▶ [Data]

######

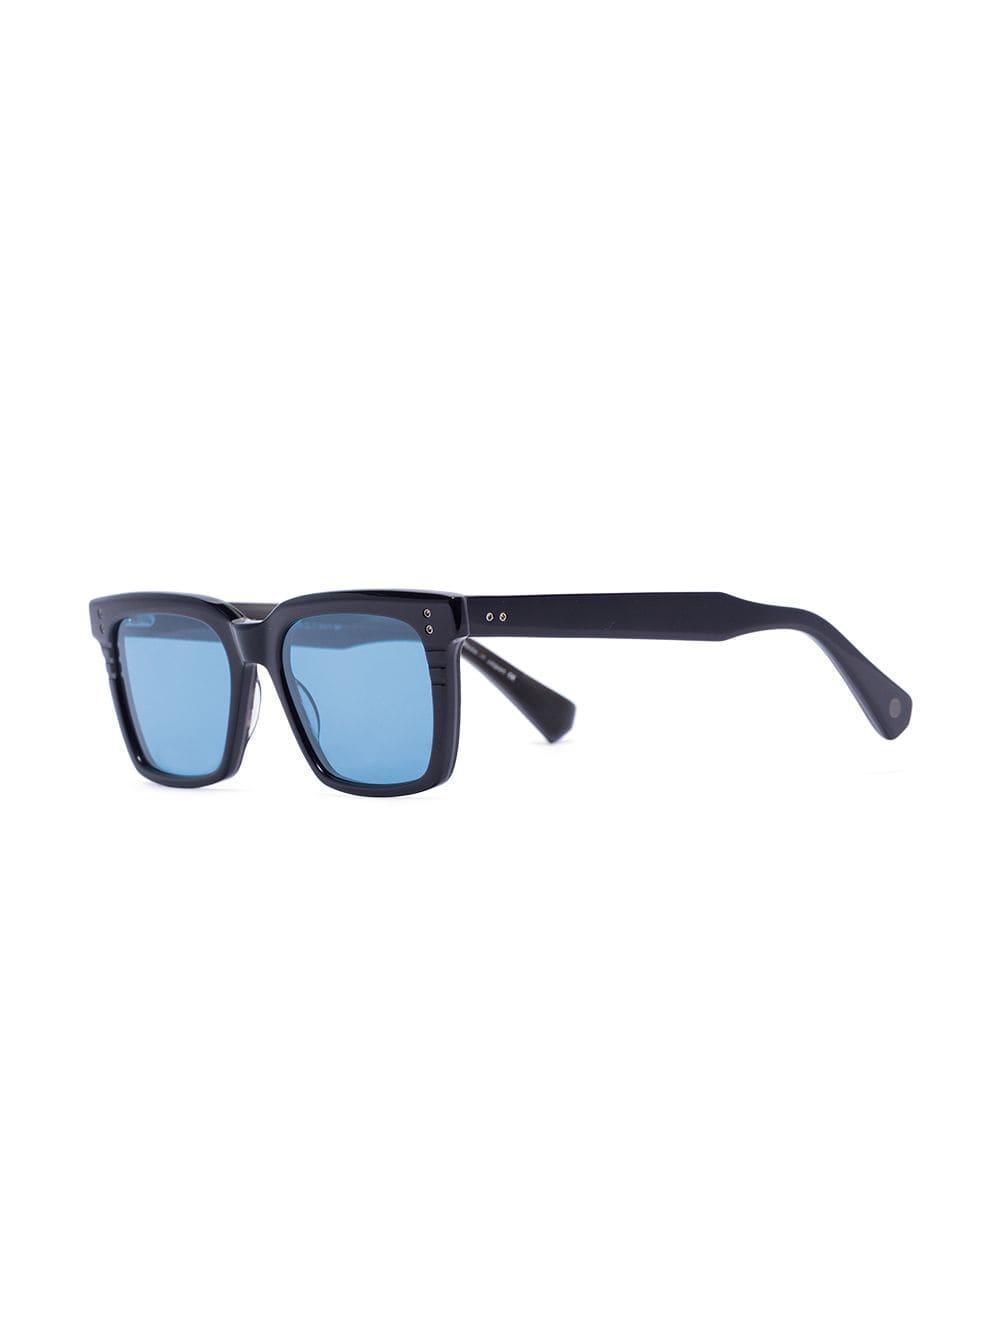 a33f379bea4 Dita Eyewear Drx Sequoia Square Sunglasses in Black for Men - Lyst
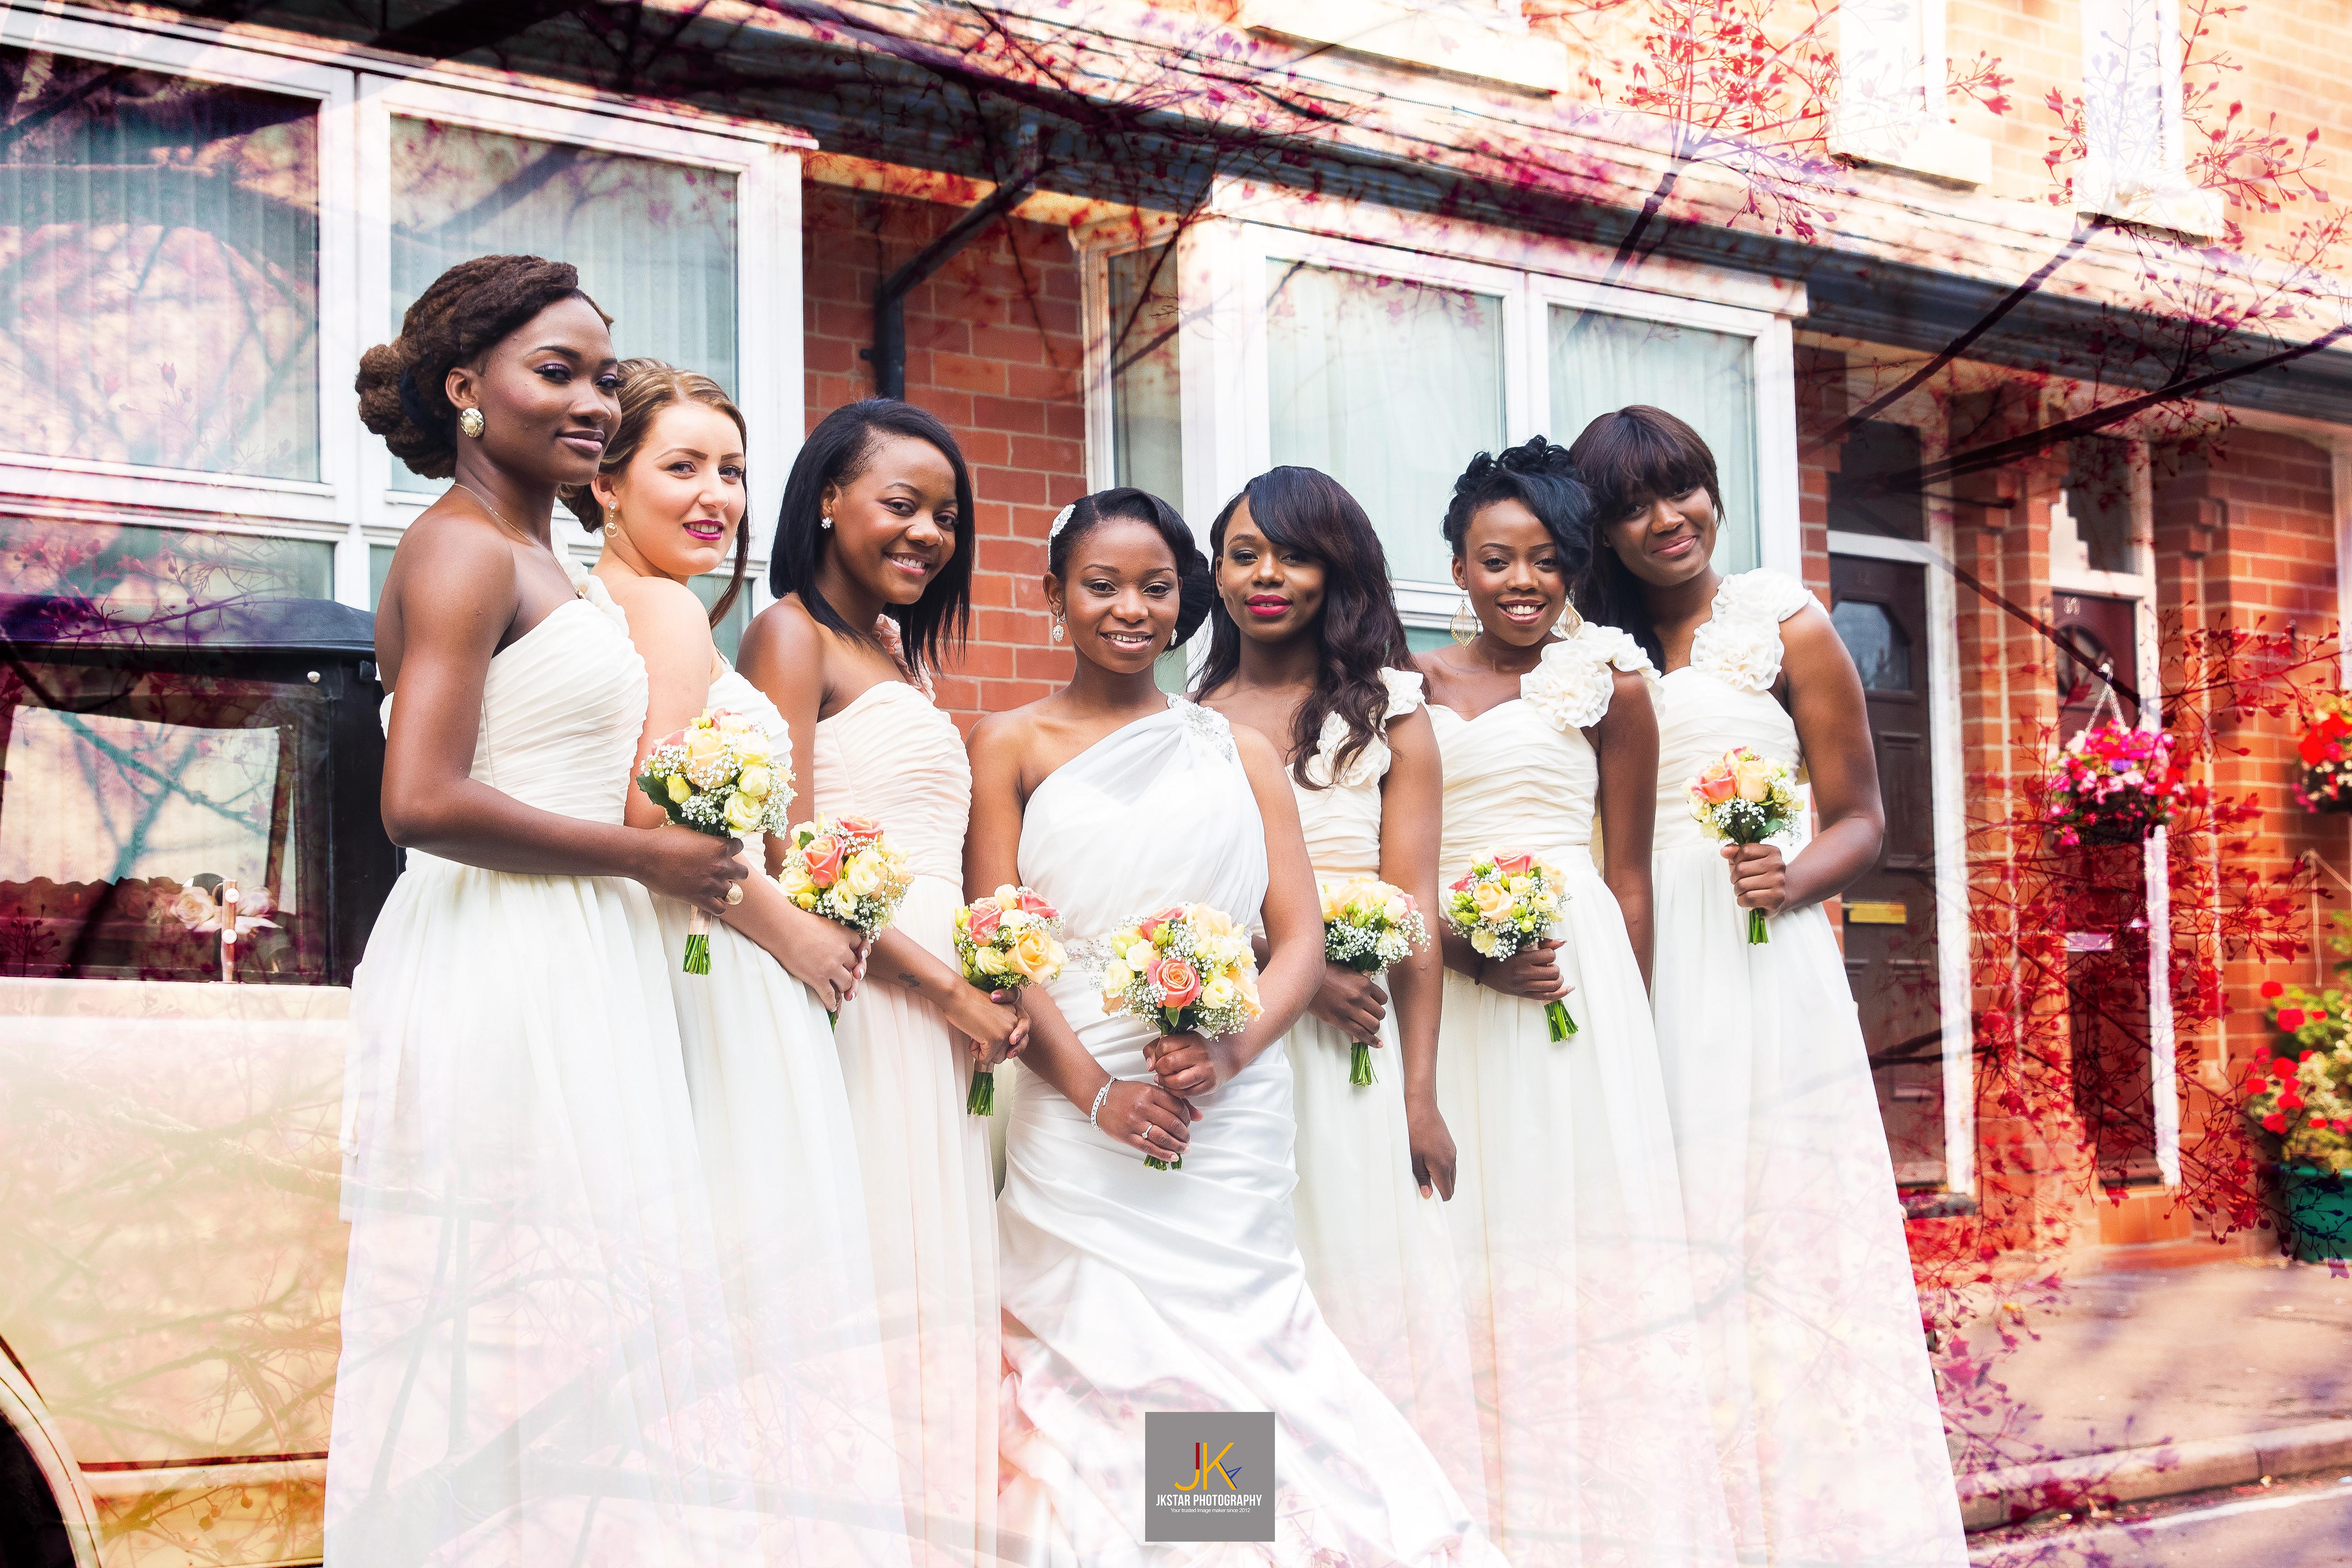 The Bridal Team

######

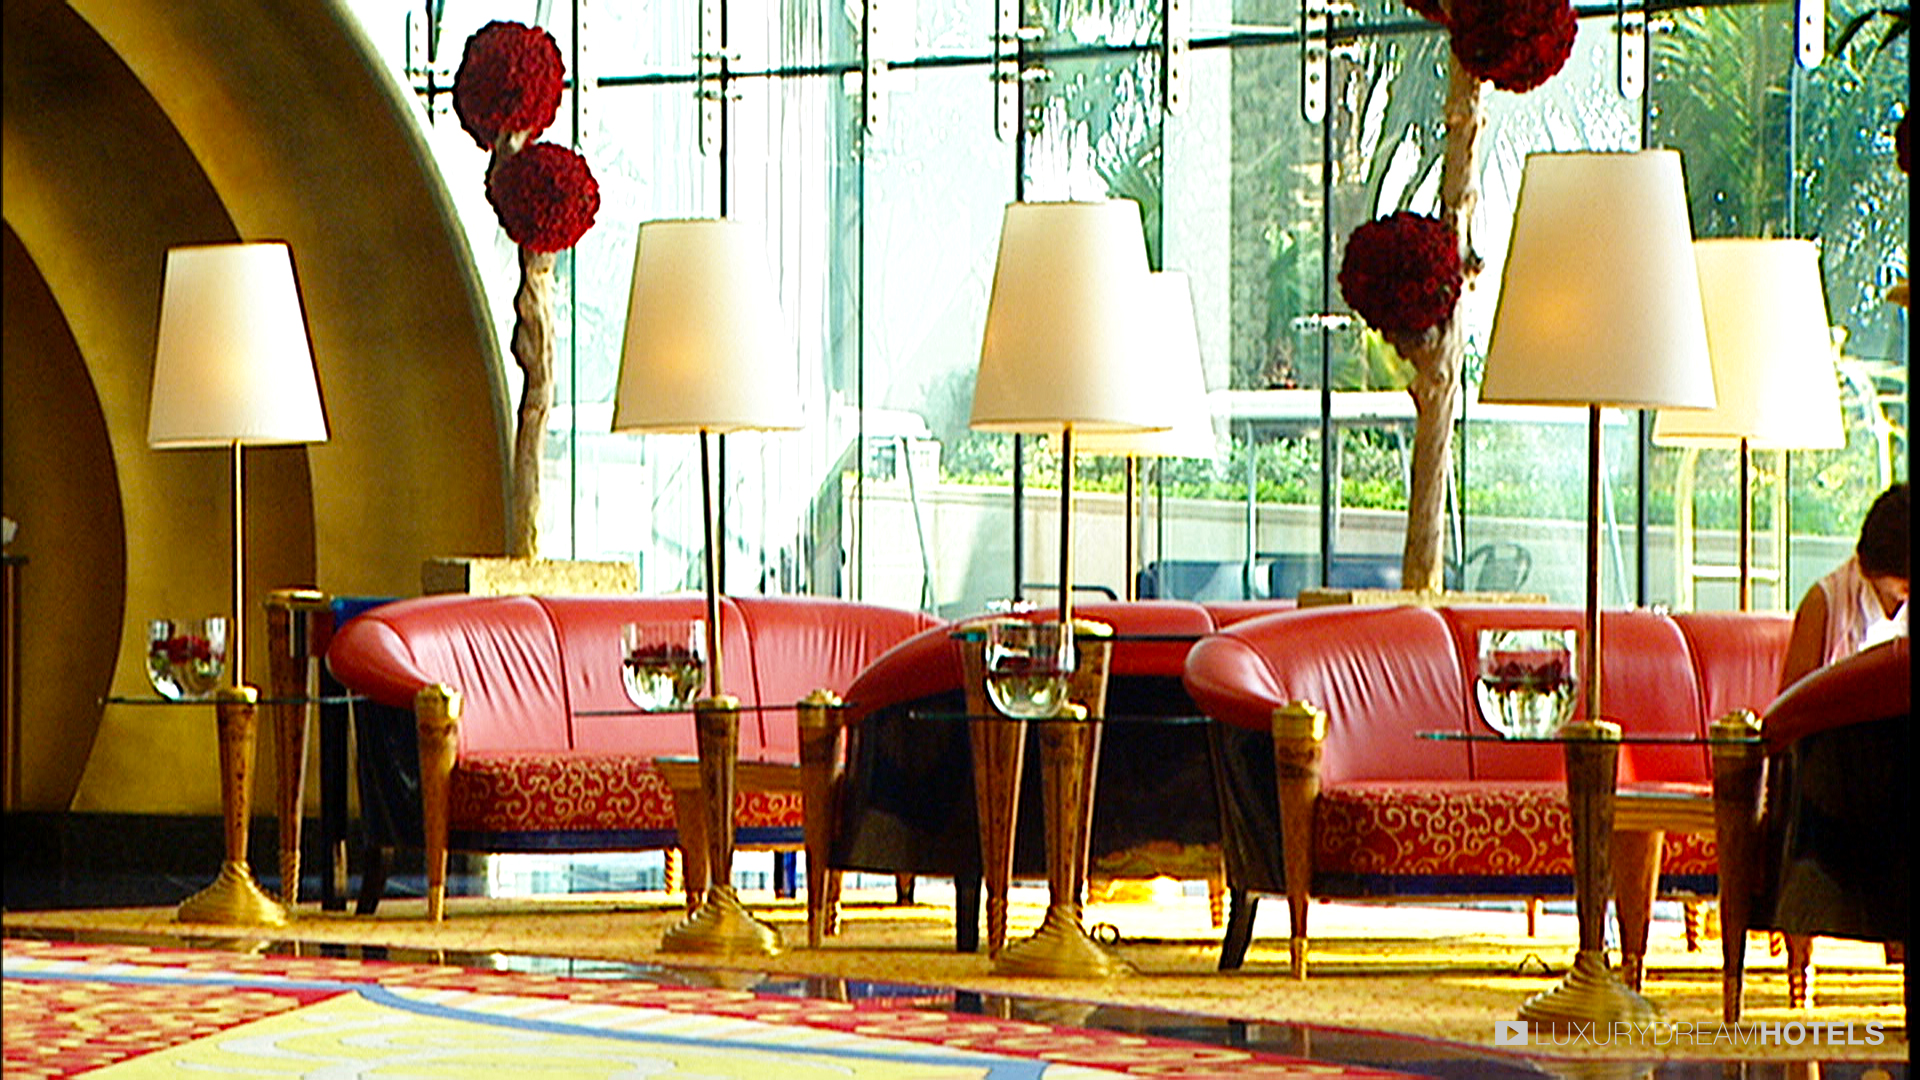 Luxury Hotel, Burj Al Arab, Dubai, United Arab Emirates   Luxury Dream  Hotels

######

▶ [Assigned task] Please repeat the lines of the material above exactly, starting with the line that contains "a33f379bea4 Dita Eyewear" and ending with the line that contains "The Bridal Team". Leave the pictures out.

▶ [Result of this task]
 a33f379bea4 Dita Eyewear Drx Sequoia Square Sunglasses in Black for Men - Lyst
 The Bridal Team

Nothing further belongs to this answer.